The limitation of the bus between the GPU GDDR5 and DDR3 is severe. I am trying to make my program distributed and the bus slow bandwidth takes away all the advantages that distributed programming can give you. I do not say I am deserting it I will try on a server with RDMA GPU-Direct but I am certain I will see no gain by using another K20 but loss.
So future trend is to use fast uniform memory both for GPU and CPU. Like GDDR5. For instance this has been introduced in the new Playstation 4. The processors can see GPU memory and other way round. Right now we are limited both by the PCI Express bus and Network bus in MPI.
We are loosing a lot lot lot efficiency with the current architecture. Way too lot.
In my lectures in CUDA I am not saying to my students to measure the time for memory transfers. I regard the way that things are done now in memory transfer primitive which will change in the future. I am certain in the future we will look back to the way we did memory transfer like the way we are looking at the video games of the 80s.
Well there are some things that can come up good with restrictions. Restrictions in bus limitations makes you think of way you can squeeze and optimize things. This experience is invaluable and I will carry it with me.
Anyway I found a way to make things 19 times faster in my code reducing time in memory transfer and giving more work to the devices and using more collective communications. The problem is that it an iterative process the one I am doing and data need to constantly update. A challenge worth of my time. Lets see.
As I see now with Parallel Programming and new hardware comming out there should be a world-wide consortium which will transfer experience. Summer Schools are quite trendy this time and I will teach this experience I am accumulating to young students. Anyway, my 10 cents.
It would be nice if you discussed a particular solution to your problem(s) so that others can benefit :)
Somewhat related to your points, I came across this article (access to article might require being a member of ACM) that was thought provoking in terms of future algorithm design:
Yes I have reached to the conclusion that accelerating this application with MPI or SLI is not possible. So it is beyond current technology. Of course not in theory. There is a need for uniform memory usage. There is also a need for the compiler to generate code for this case simply by telling how many GPUs you have. Its like OpenMP. A CUBLAS aware of this should be generated and on and on. So my conclusion on this experiment is that there exist applications like my current iterative application that can see no speedup but delay with distributed means using current hardware technology. Unfortunately.
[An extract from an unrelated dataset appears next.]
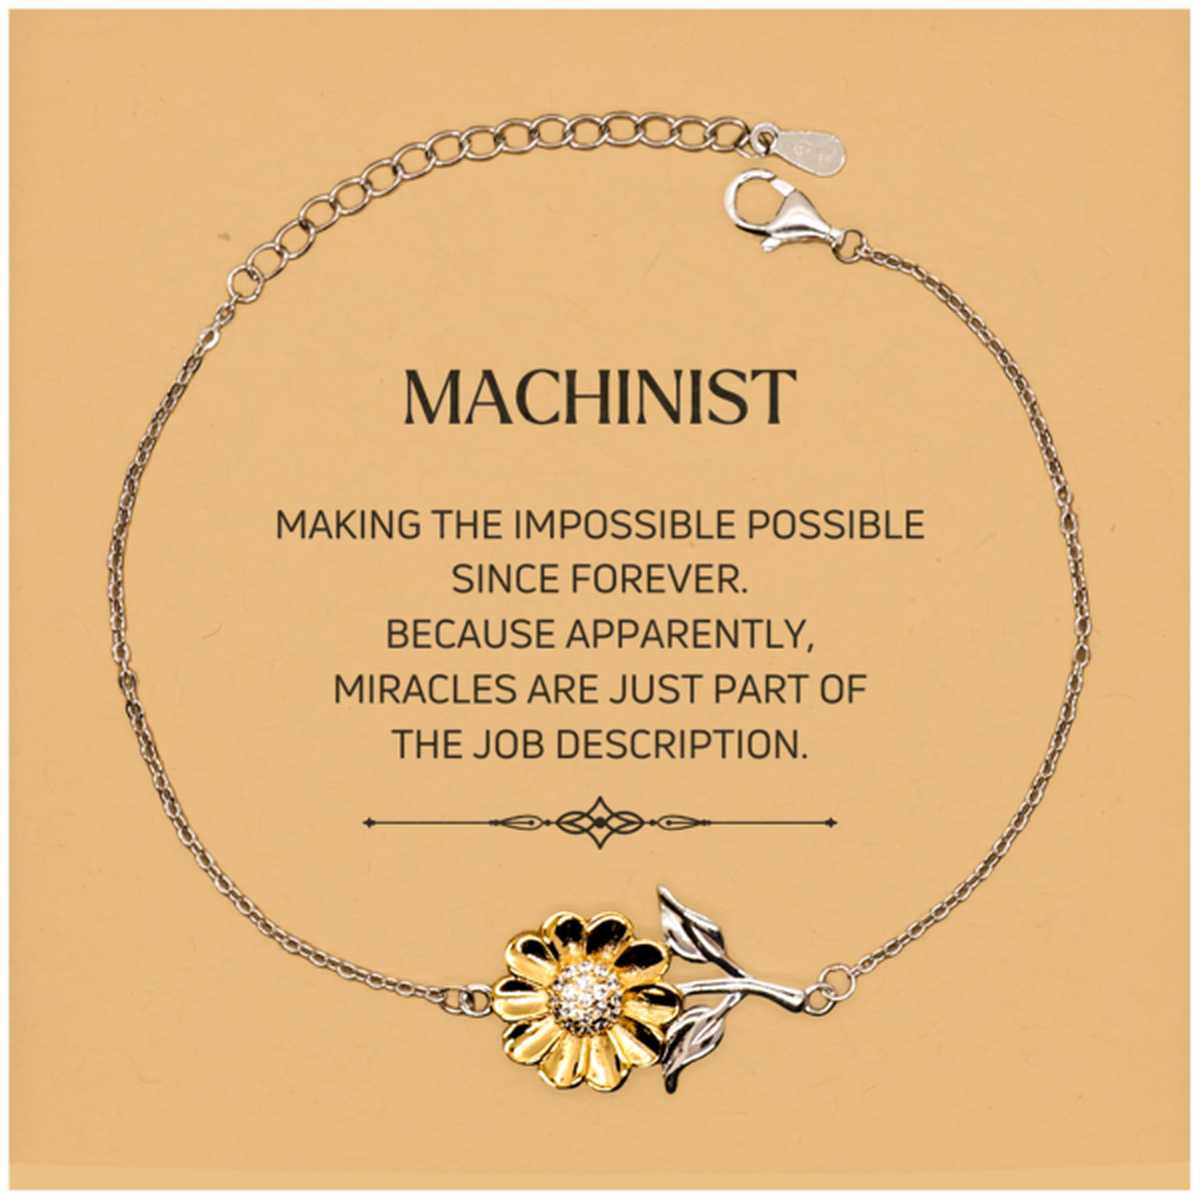 Funny Machinist Gifts, Miracles are just part of the job description, Inspirational Birthday Christmas Sunflower Bracelet For Machinist, Men, Women, Coworkers, Friends, Boss

My advice to NVIDIA. In this application I do not need at all host memory. Everything is run entirely on the GPU memory. This application could see a speedup if the card PCB had two or more GPUs with uniform memory, i.e. the GPUs could see the entire memory. So my advice for the new K30 is this. I have no problem with the memory issue it can fit very well in the memory of 5-6GBs. I think its rather lazy hardware architecture the GPUs not being able to communicate with the entire memory but the memory is splitted in two. Lets take for example the simple sapxy of cublas. cublas could actually split in two the vector and add it. Now it takes close to 1.5ms for the addition and daring to do MPI on this delays things. But with two GPUs sharing the same memory it will take 0.75ms. You might say that 1.5ms is insignificant but add 300 iterations and around 20 sapxy(s) this makes it 9secs add all other operations you reach 90secs in a Tesla M2070Q and around 70secs in a K20. Making this time 35 secs it will be quite a deal. Its actually how Ken Kutaragi envisioned things with the CELL architecture, if you cant put it all in a chip make them more but use a very fast bus for interconnection. Simple logic. I am following hardware implementation of parallel architectures for quite a long time.
Anyway my two cents to NVIDIA. :-)
Of course I will try a complete redesign minimizing to the minimum possible the network communication and HOST<->DEVICE memory transfers. Its a great challenge I have 7 GPUs ready to crunch numbers and I am limited with these constraints…lets see if I can break up the entire thing in distributed pieces joining only when it is absolutely necessary and this with the minimum amount of data transfer. Its a challenge indeed and I still have brain cells to burn. :-)
Well my problem is in todays technology. I am saying only this, the rest in a paper and in the Summer School I will teach. Its not a publicity stant but the market dangers of my findings to say too much here. Thanks for reading me.